**The data**
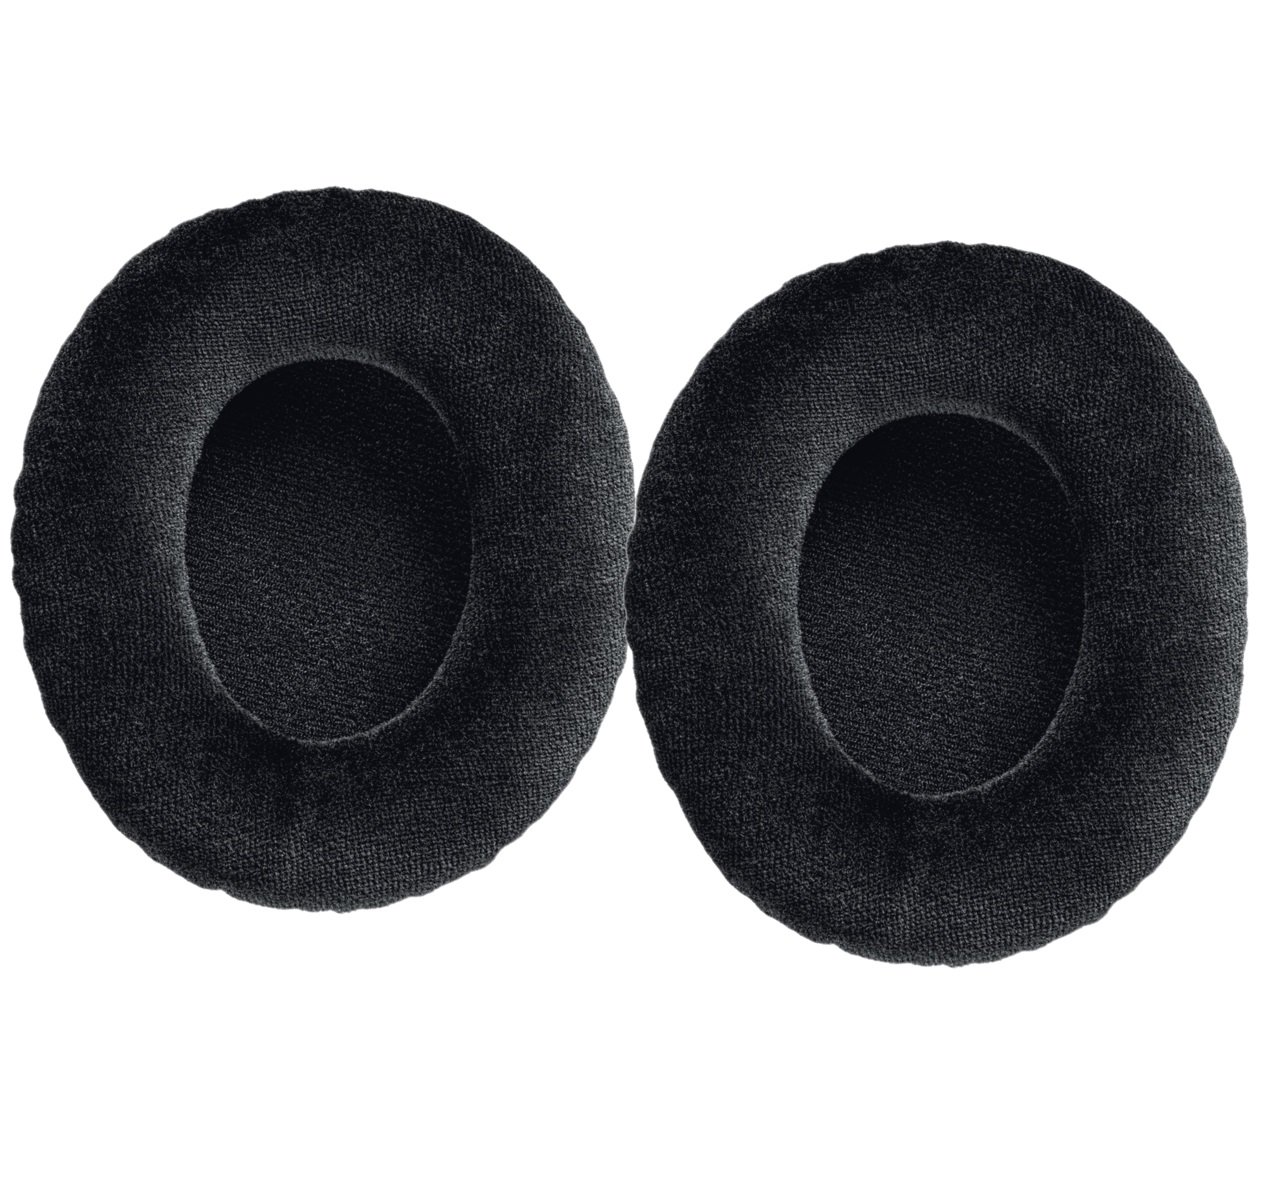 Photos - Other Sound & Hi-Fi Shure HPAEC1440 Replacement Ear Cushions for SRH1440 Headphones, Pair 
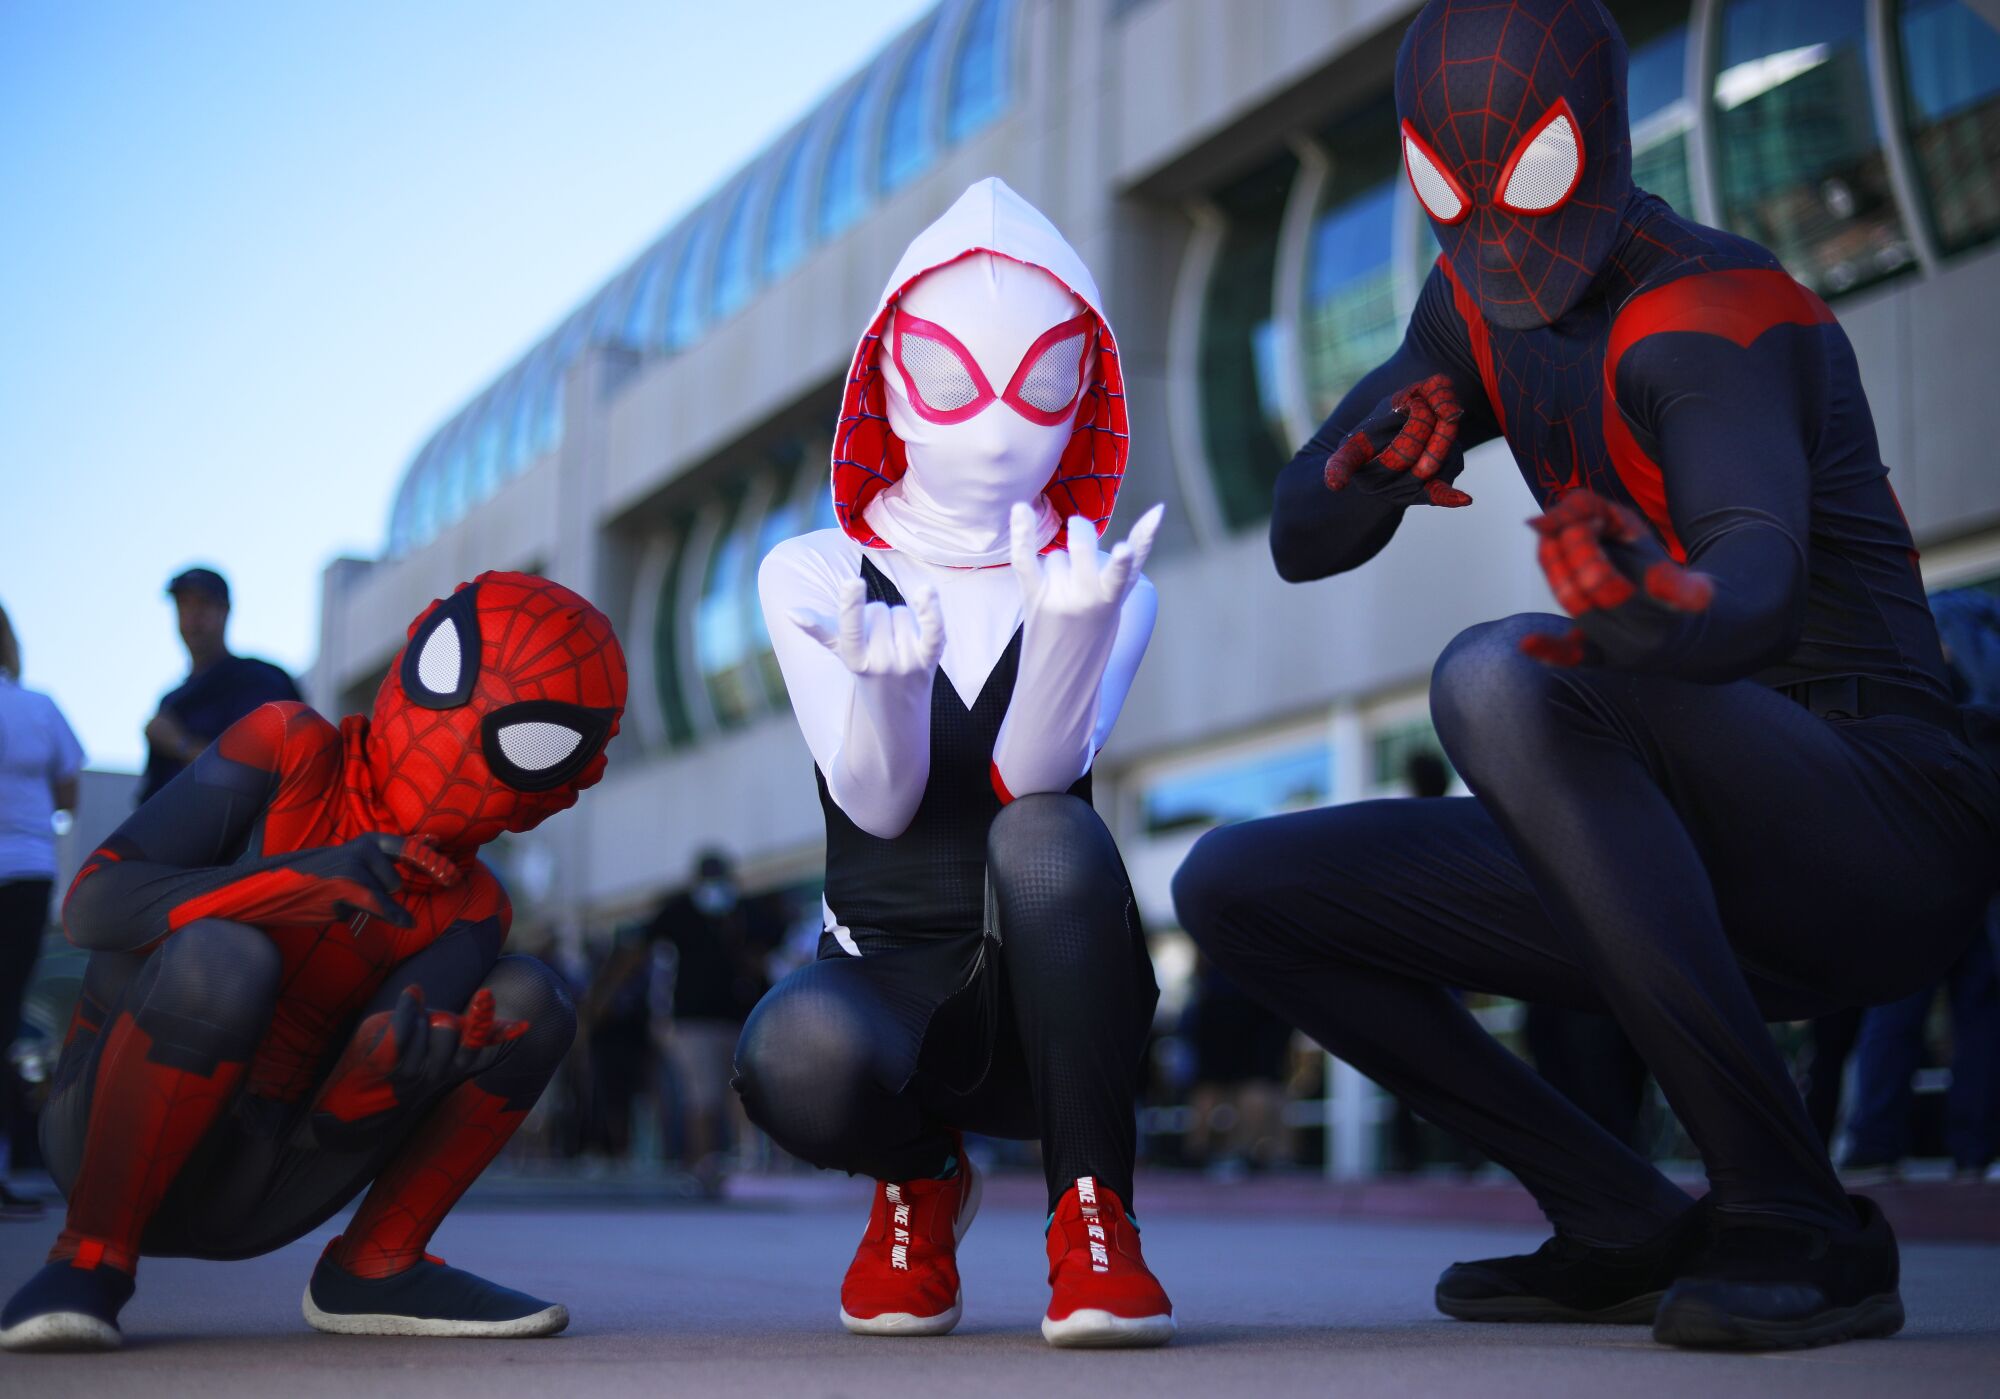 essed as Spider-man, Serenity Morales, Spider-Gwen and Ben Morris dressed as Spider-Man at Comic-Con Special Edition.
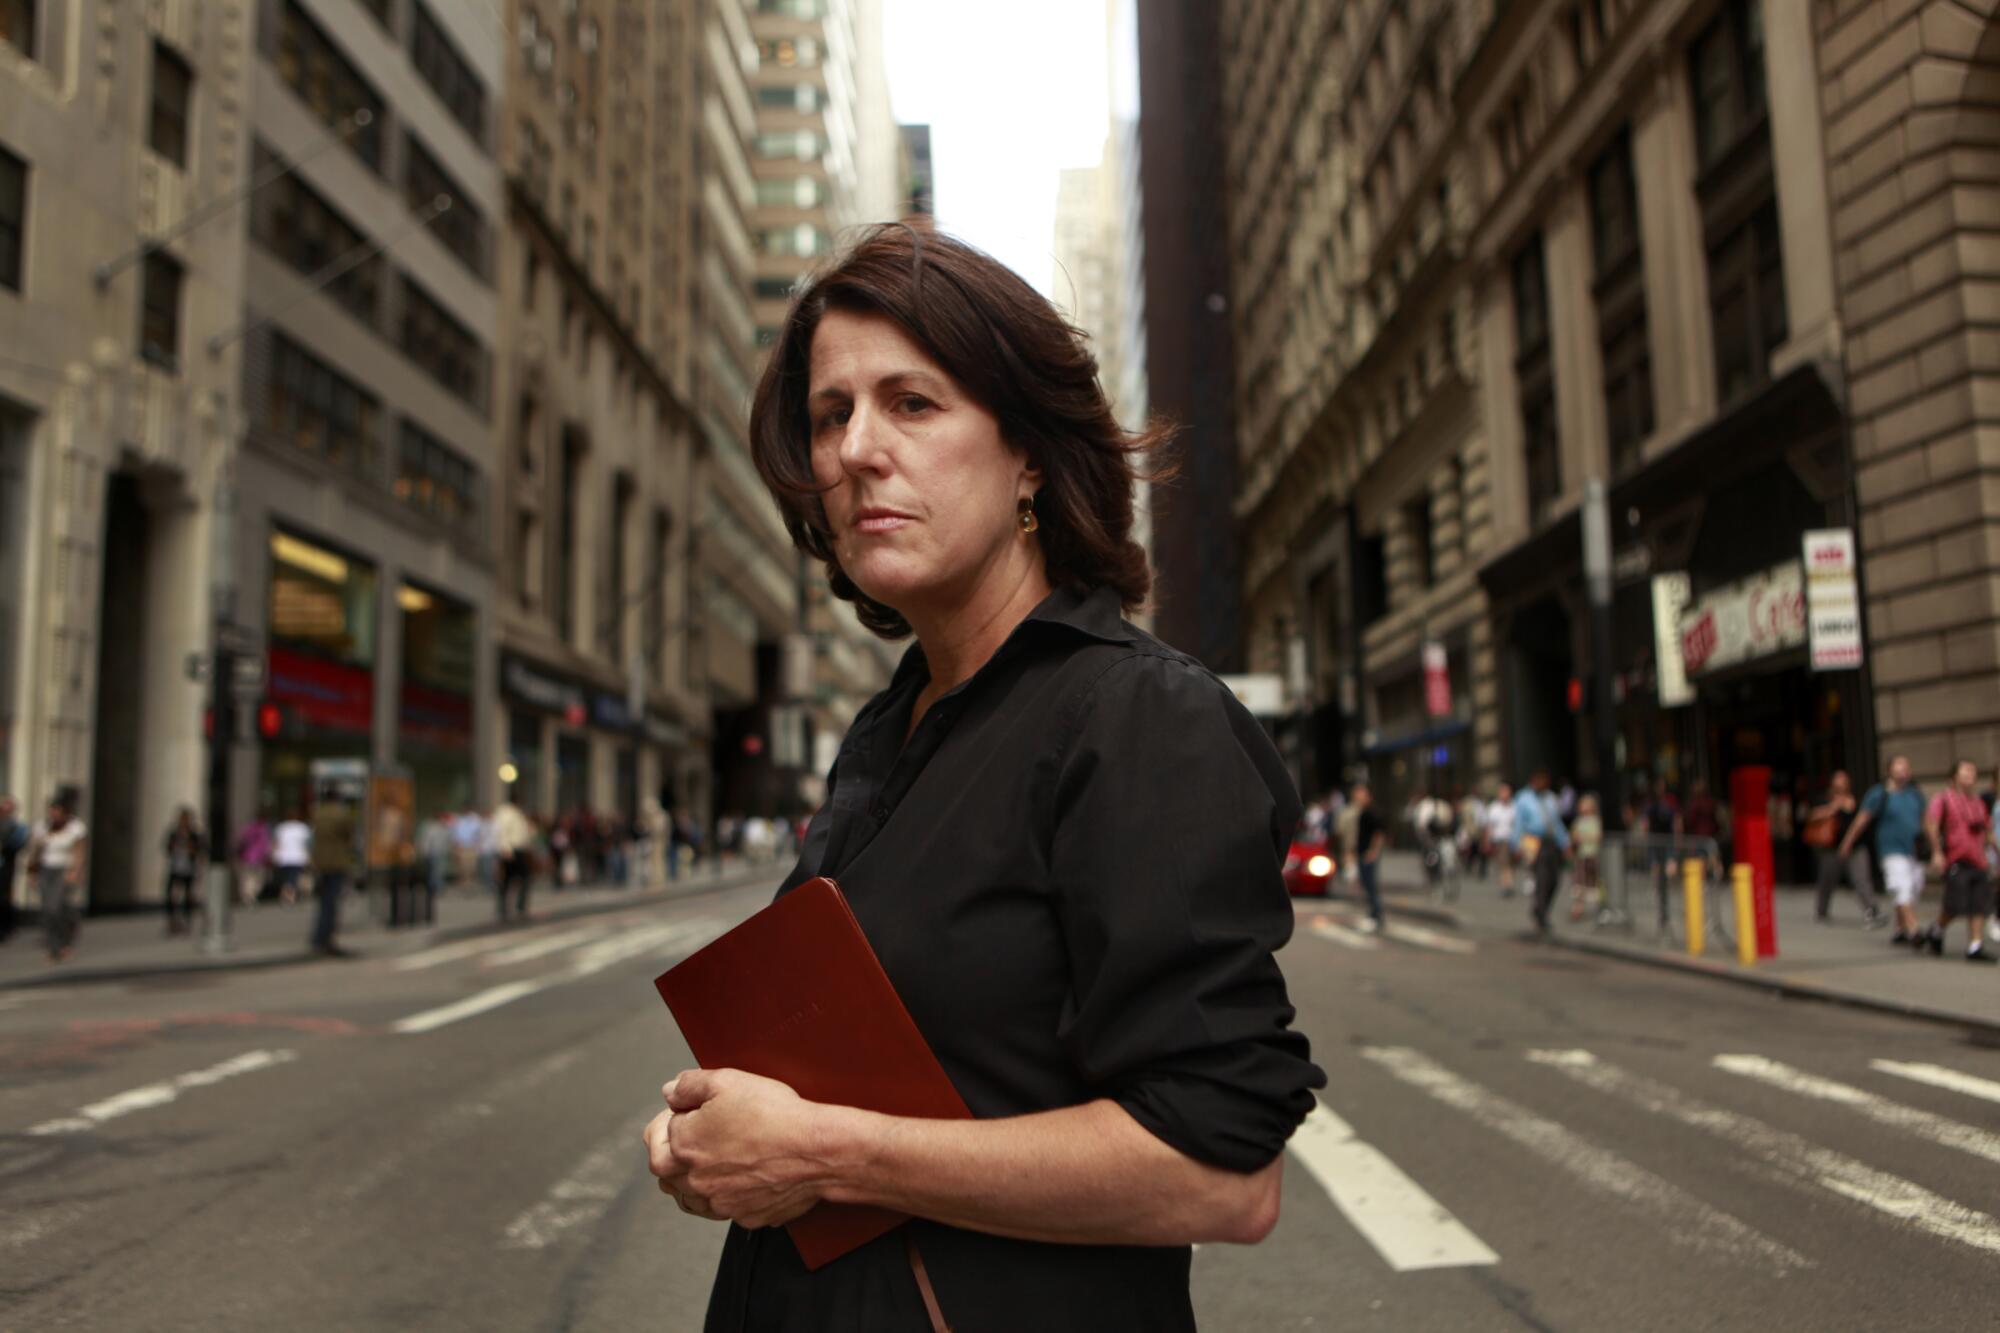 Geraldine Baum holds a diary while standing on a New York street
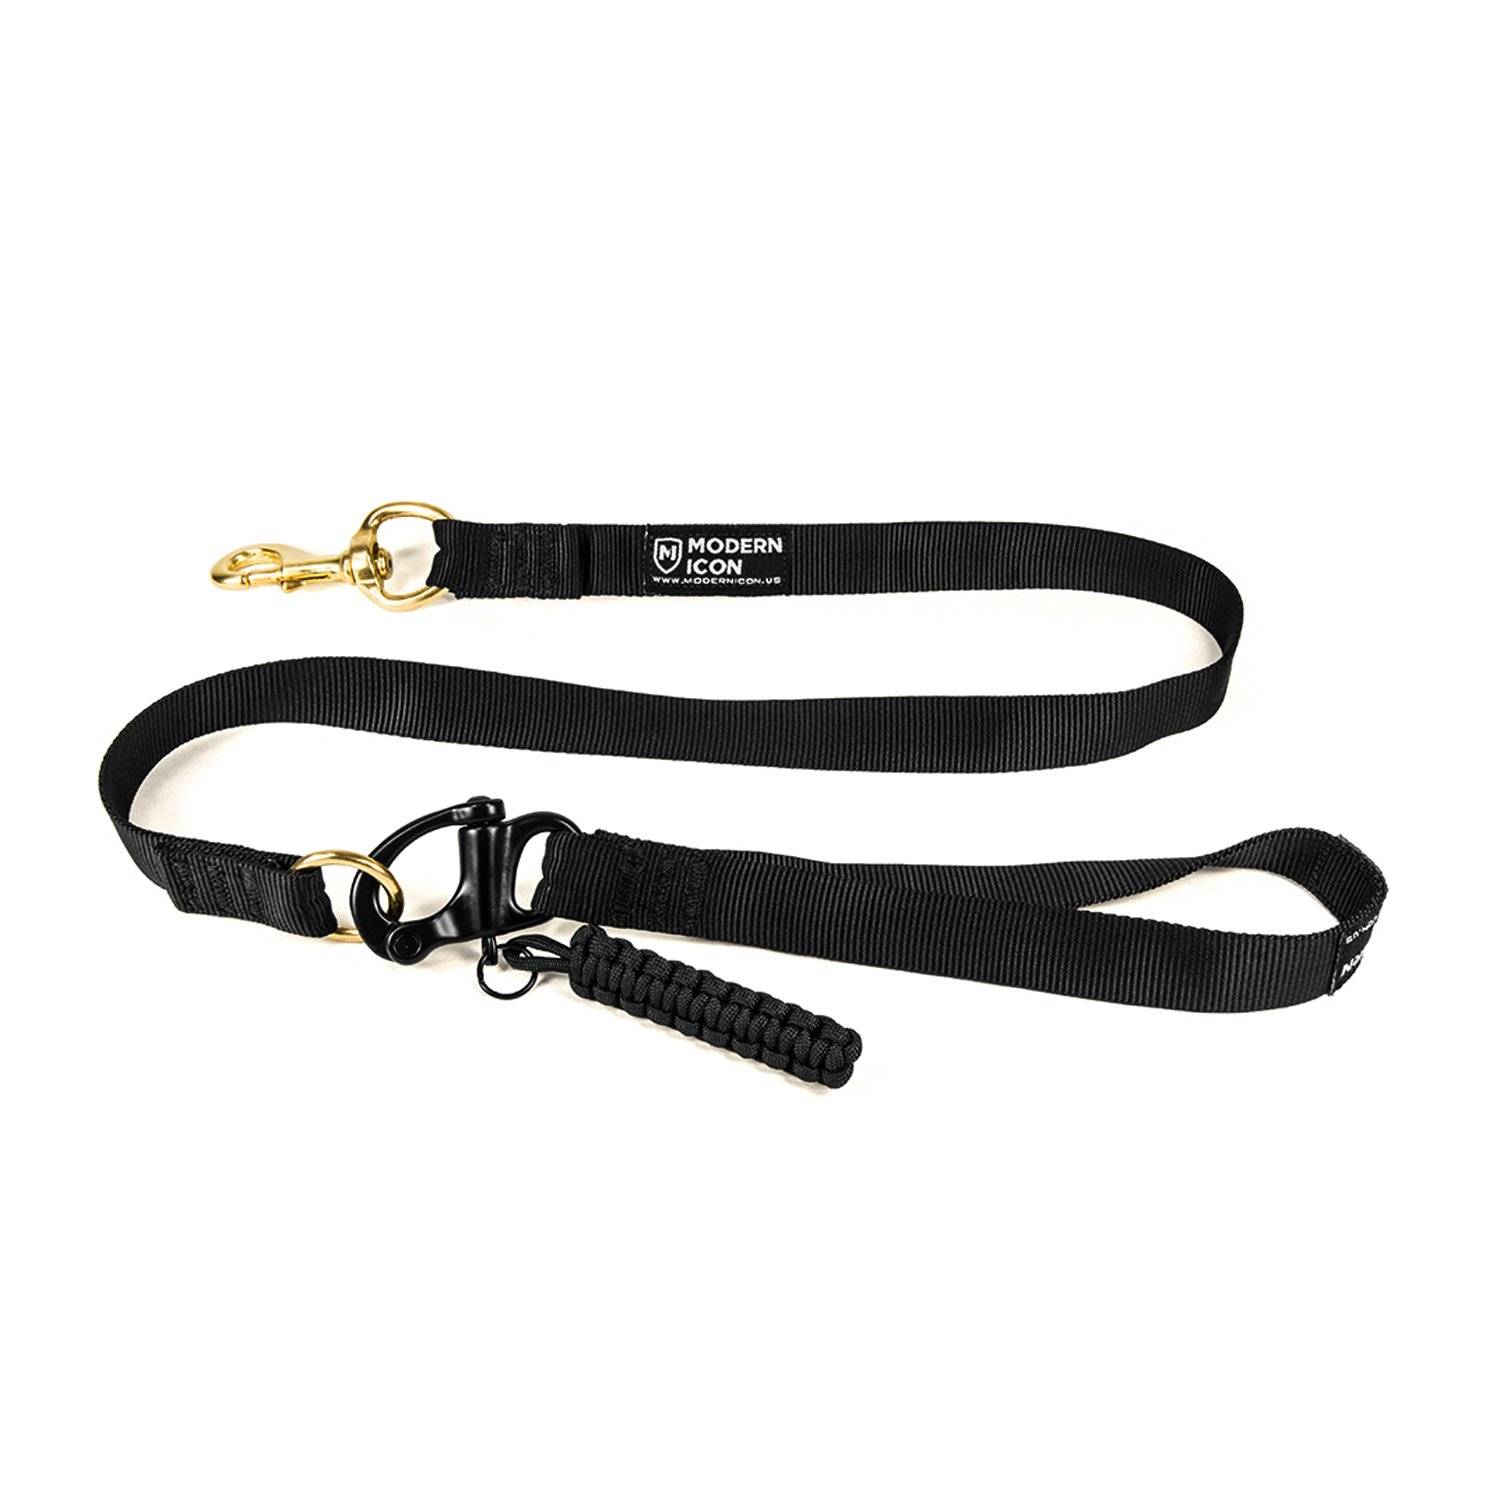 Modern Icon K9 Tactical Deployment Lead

**Assignment**
With the images removed, write out all of the material above exactly.

**Exercise response**
 Photos - Other Sound & Hi-Fi Shure HPAEC1440 Replacement Ear Cushions for SRH1440 Headphones, Pair 
 essed as Spider-man, Serenity Morales, Spider-Gwen and Ben Morris dressed as Spider-Man at Comic-Con Special Edition.
 Geraldine Baum holds a diary while standing on a New York street
 Modern Icon K9 Tactical Deployment Lead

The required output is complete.